_Source data_.
[Start of Attachment]

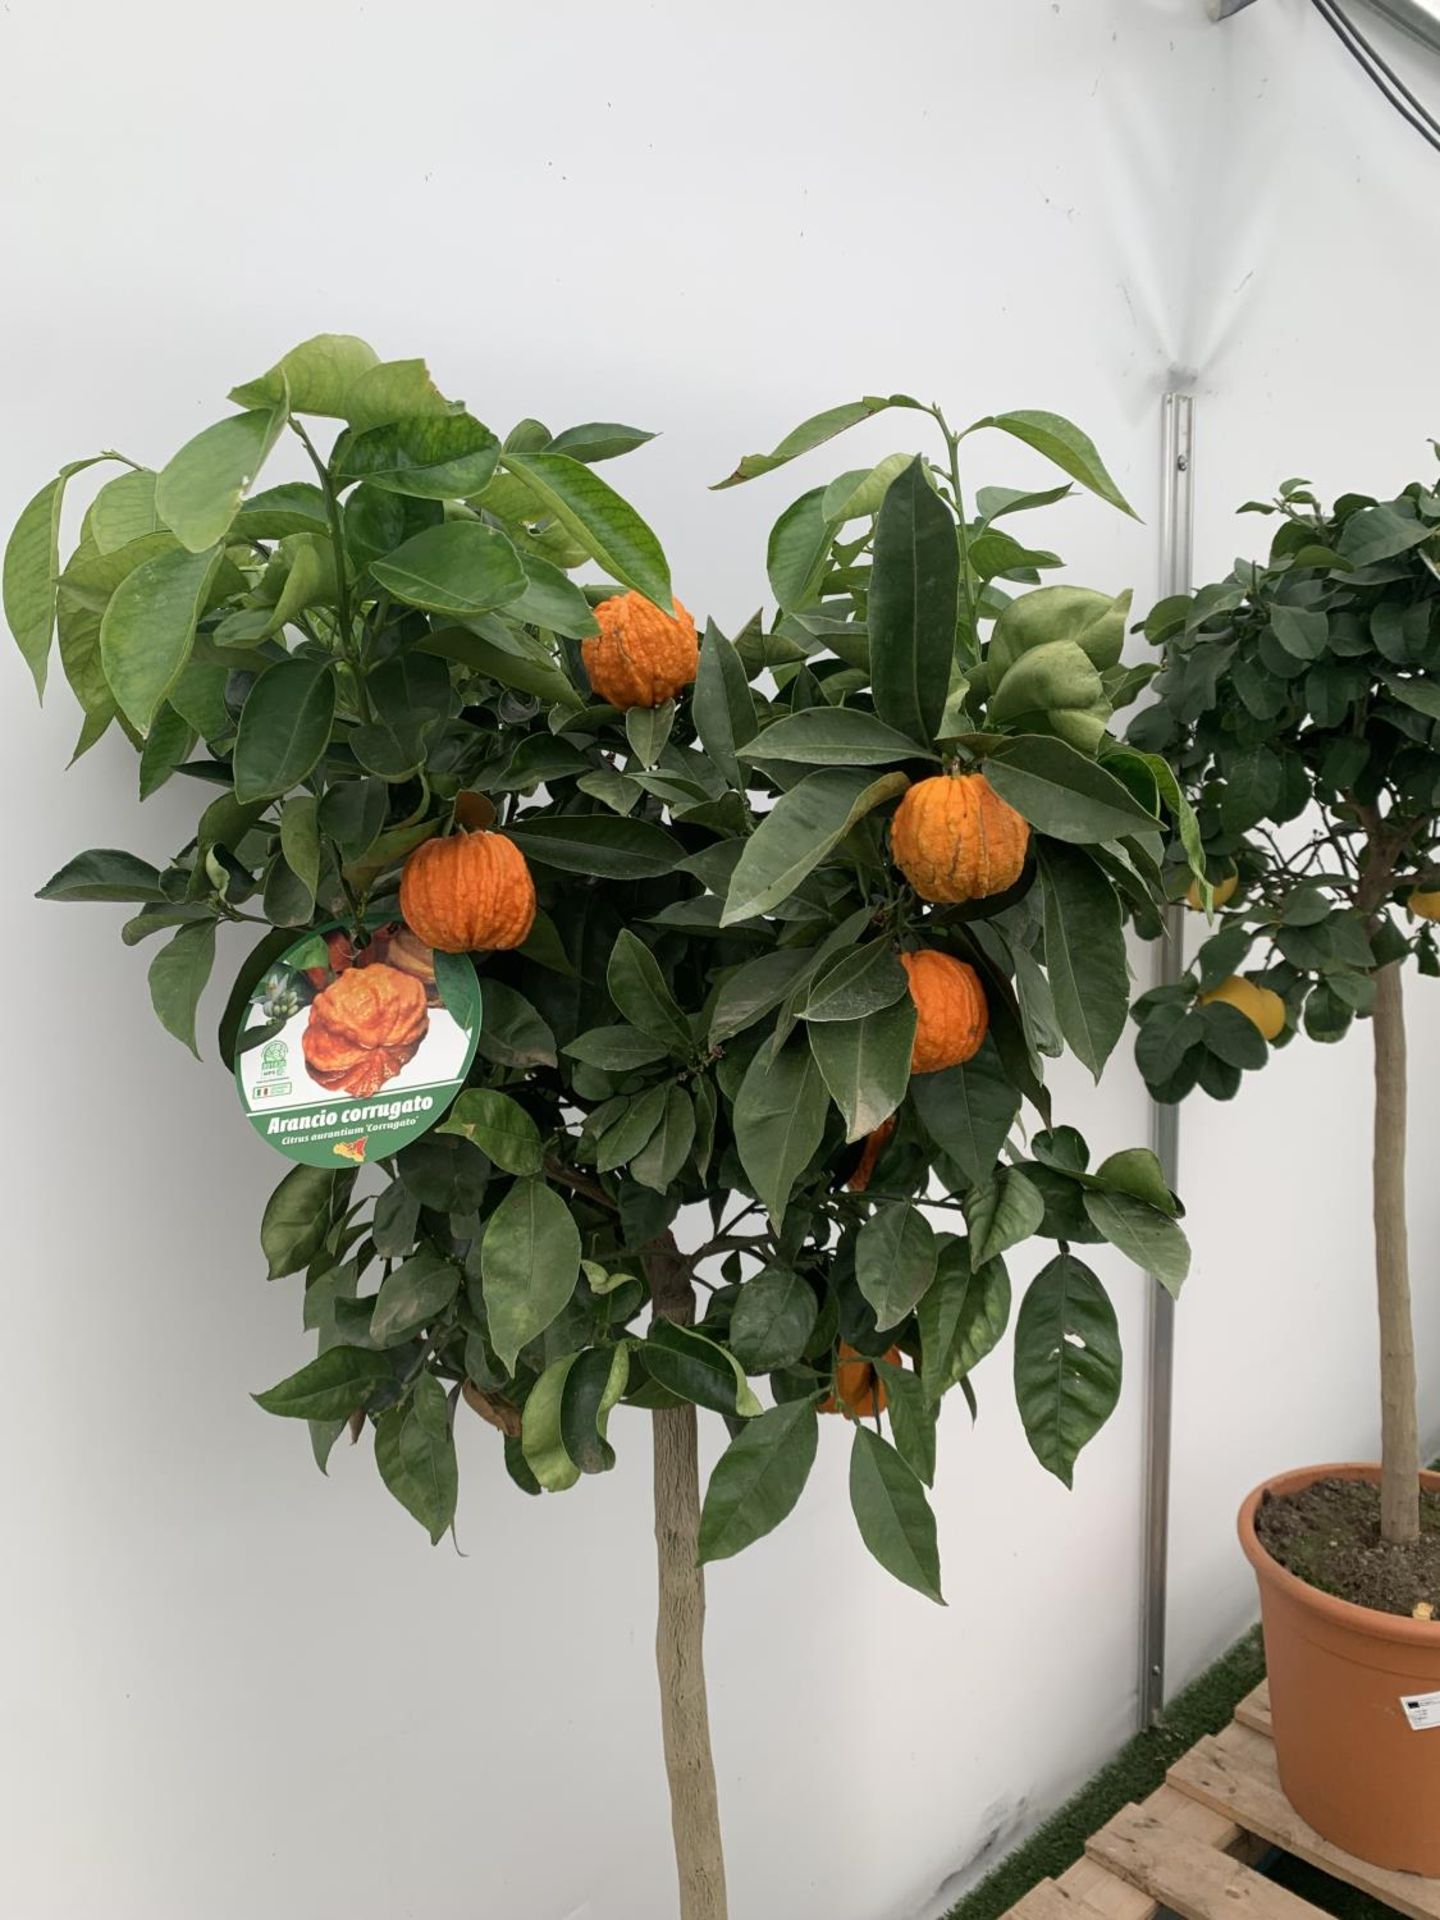 ONE ARANCIO CORRUGATO RARE CITRUS ORANGE FRUIT TREE WITH FRUIT APPROX 150CM IN HEIGHT IN A 25LTR POT - Image 5 of 9
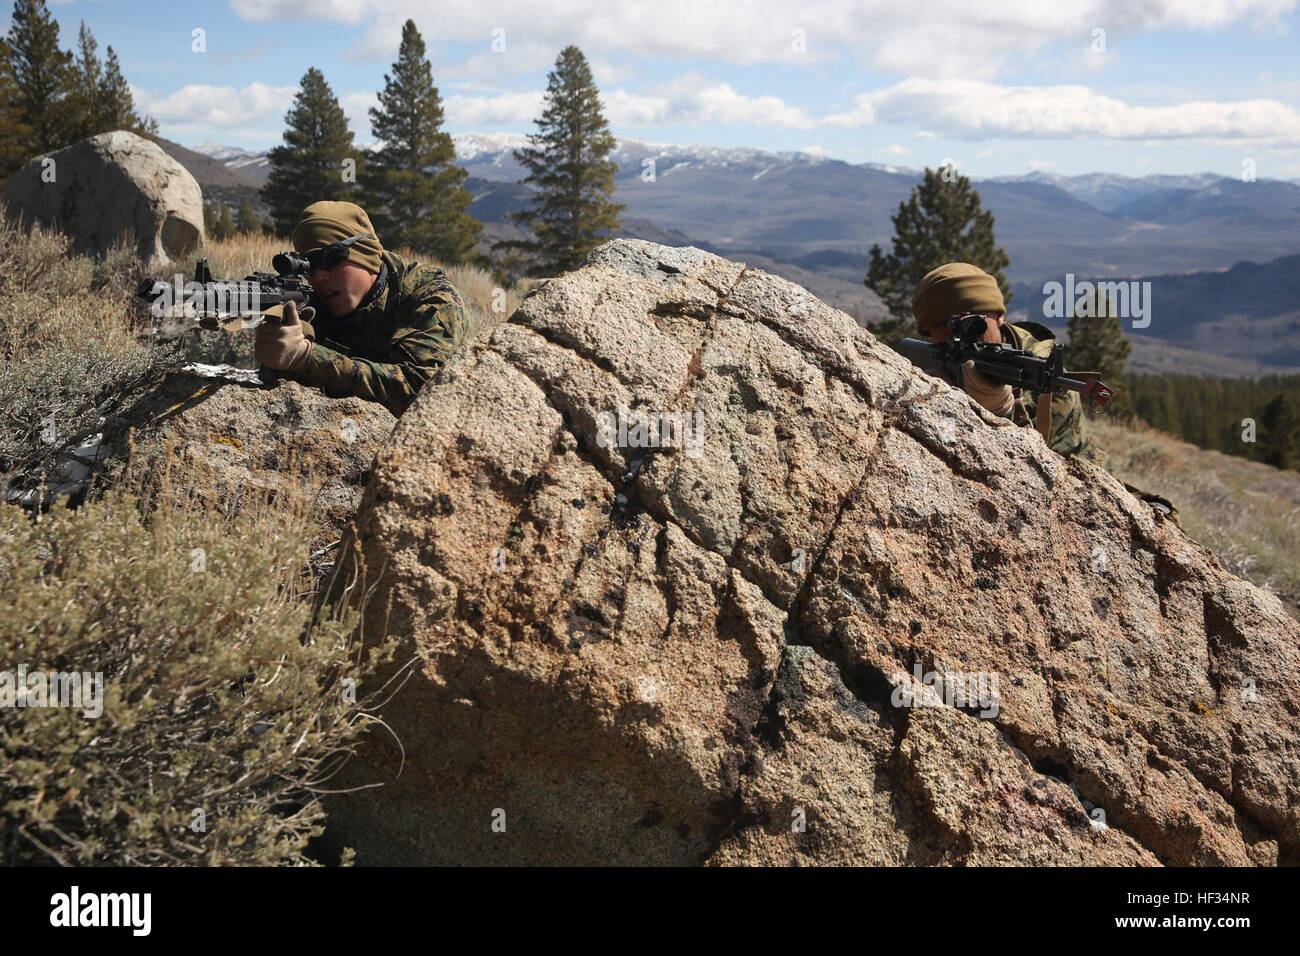 Lance Cpl. Taylor Trion, native of Tulsa, Okla., and Pfc. Joseph Tweedy, native of San Diego, assaultmen with 1st Battalion, 3rd Marine Regiment, set up security behind a boulder during Mountain Training Exercise 2-15 at the Marine Corps Mountain Warfare Training Center,  March 23, 2015. (Official Marine Corps photo by Cpl. Charles Santamaria/Released) 'Lava Dogs' prepare for 'every clime and place' 150323-M-YE994-553 Stock Photo
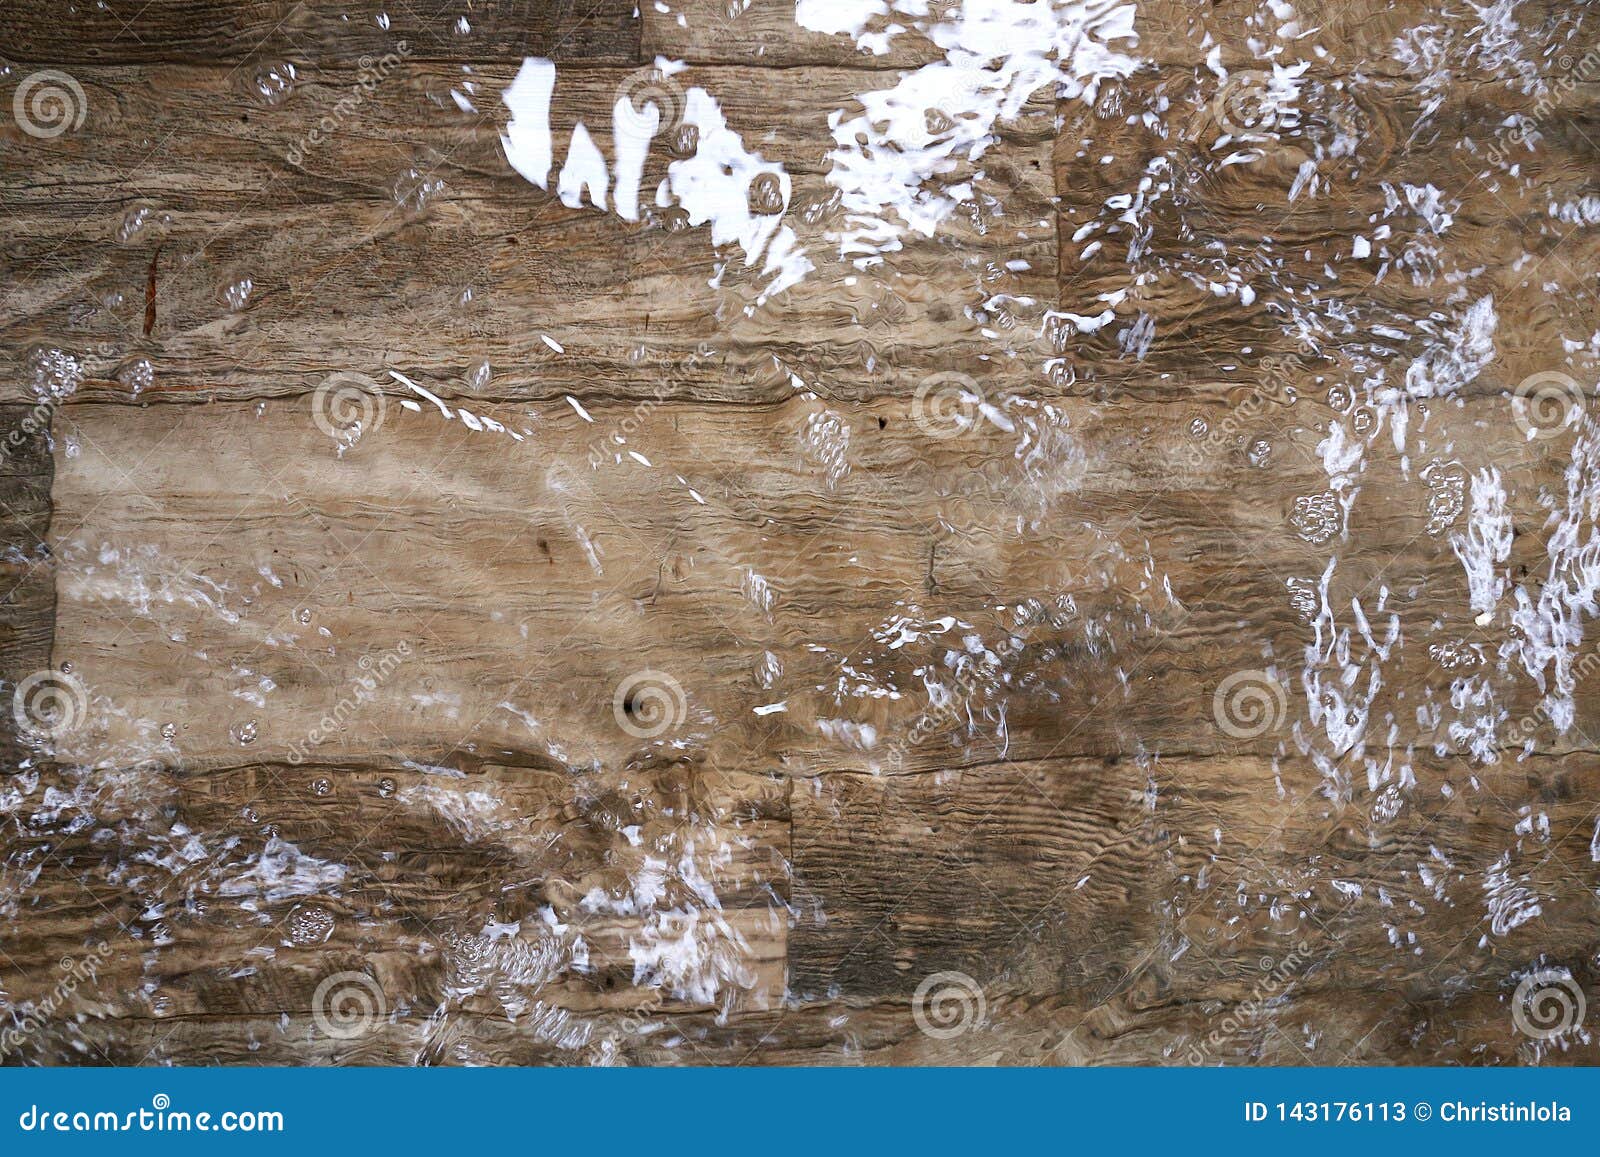 Home Interior Wood Vinyl Flooring Covered In Flood Water After

[End of Attachment]

_Your task_.
The data is to be printed again exactly, but without its pictures.

_Solved problem_.
 ONE ARANCIO CORRUGATO RARE CITRUS ORANGE FRUIT TREE WITH FRUIT APPROX 150CM IN HEIGHT IN A 25LTR POT - Image 5 of 9
 Lance Cpl. Taylor Trion, native of Tulsa, Okla., and Pfc. Joseph Tweedy, native of San Diego, assaultmen with 1st Battalion, 3rd Marine Regiment, set up security behind a boulder during Mountain Training Exercise 2-15 at the Marine Corps Mountain Warfare Training Center,  March 23, 2015. (Official Marine Corps photo by Cpl. Charles Santamaria/Released) 'Lava Dogs' prepare for 'every clime and place' 150323-M-YE994-553 Stock Photo
 Home Interior Wood Vinyl Flooring Covered In Flood Water After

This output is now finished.